### [GIVEN DATA]
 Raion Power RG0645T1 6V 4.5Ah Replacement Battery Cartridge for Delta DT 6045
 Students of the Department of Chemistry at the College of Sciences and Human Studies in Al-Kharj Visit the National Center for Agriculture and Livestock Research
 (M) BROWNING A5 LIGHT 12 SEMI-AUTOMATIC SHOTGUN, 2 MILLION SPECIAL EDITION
==
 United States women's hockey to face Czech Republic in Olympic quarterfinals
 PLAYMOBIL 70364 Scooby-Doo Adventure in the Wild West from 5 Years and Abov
---
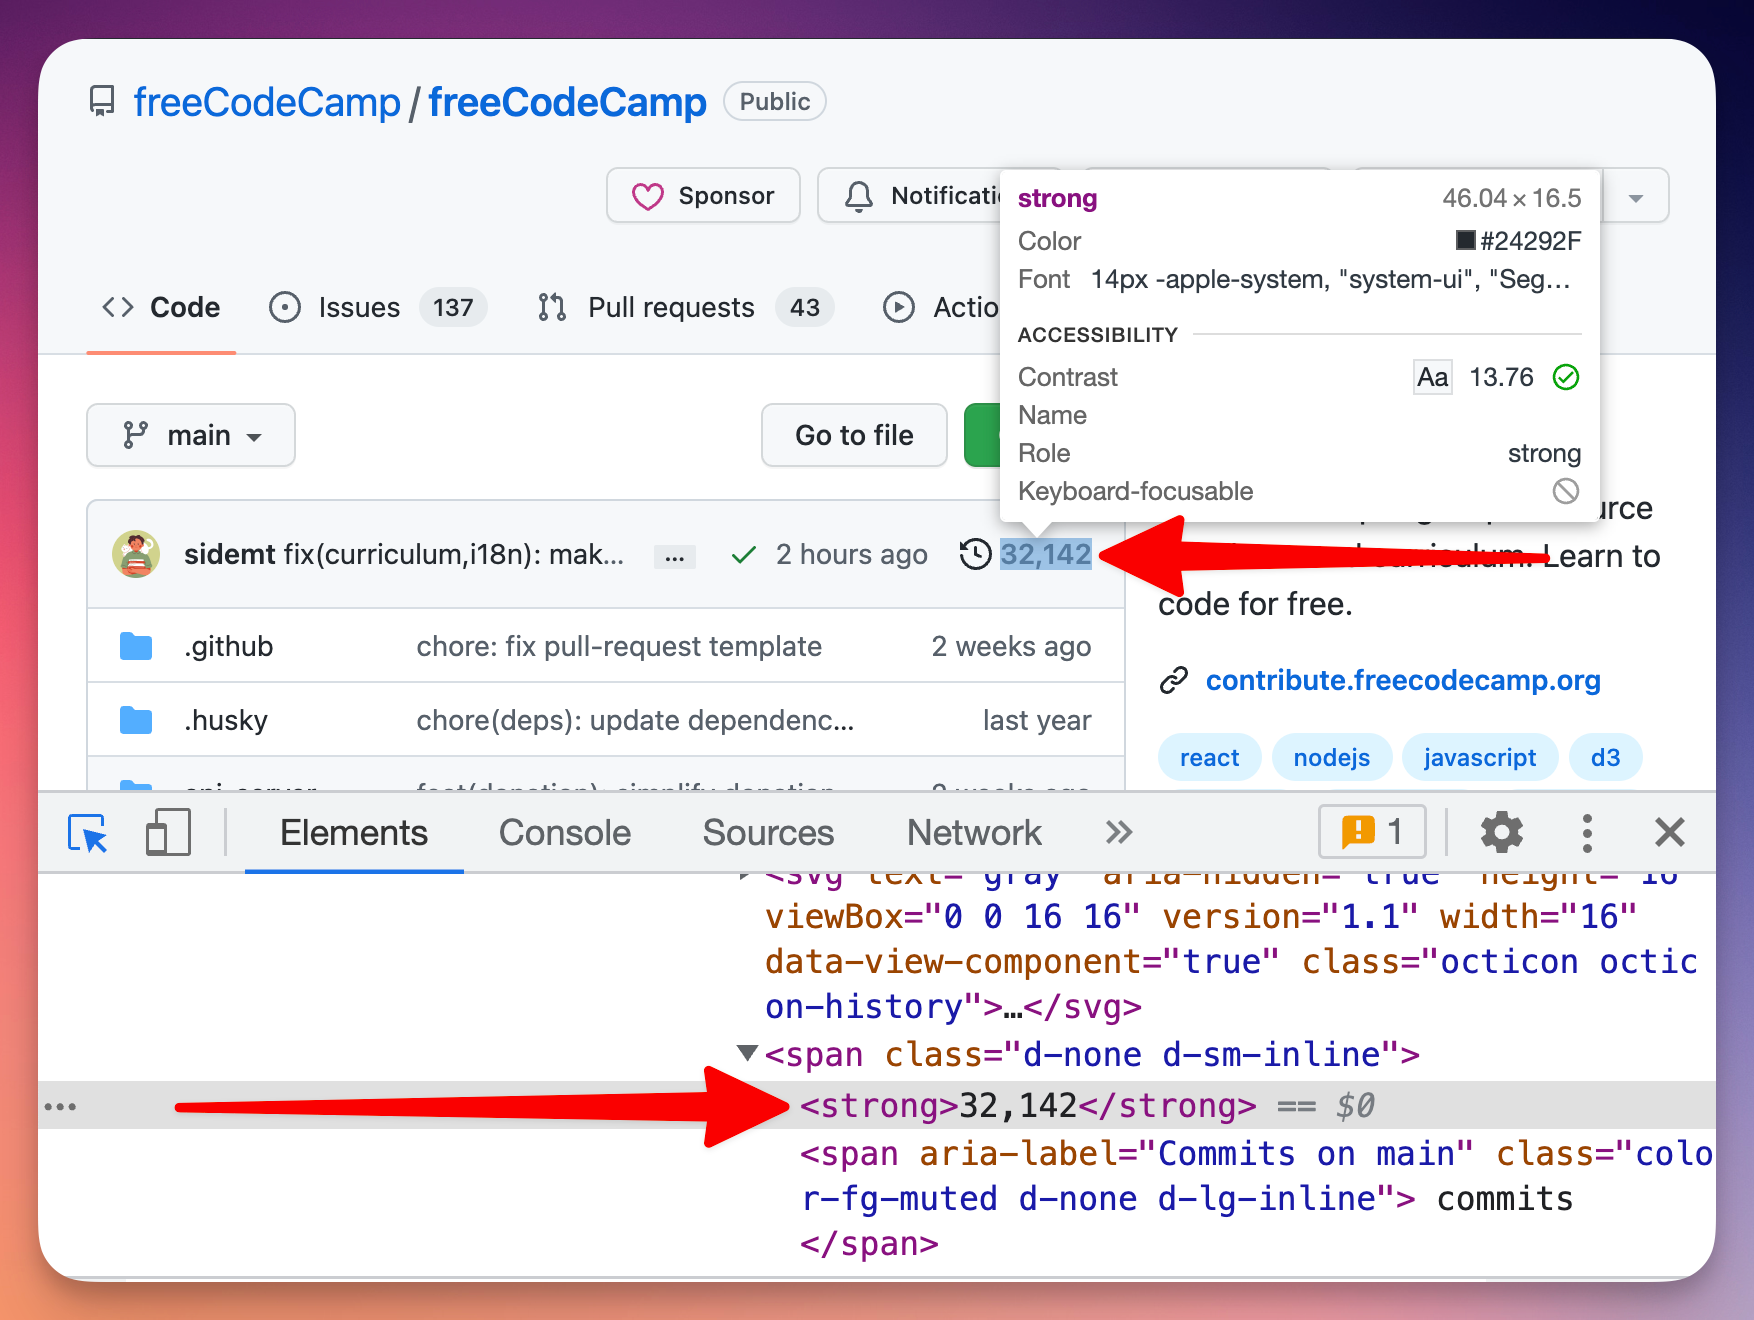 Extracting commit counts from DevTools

### [TASK INSTRUCTIONS]
Looking at the data above, return every line from the one with "Raion Power RG0645T1" down to the one with "(M) BROWNING A5", exactly and inclusively.

### [FINISHED EXERCISE]
 Raion Power RG0645T1 6V 4.5Ah Replacement Battery Cartridge for Delta DT 6045
 Students of the Department of Chemistry at the College of Sciences and Human Studies in Al-Kharj Visit the National Center for Agriculture and Livestock Research
 (M) BROWNING A5 LIGHT 12 SEMI-AUTOMATIC SHOTGUN, 2 MILLION SPECIAL EDITION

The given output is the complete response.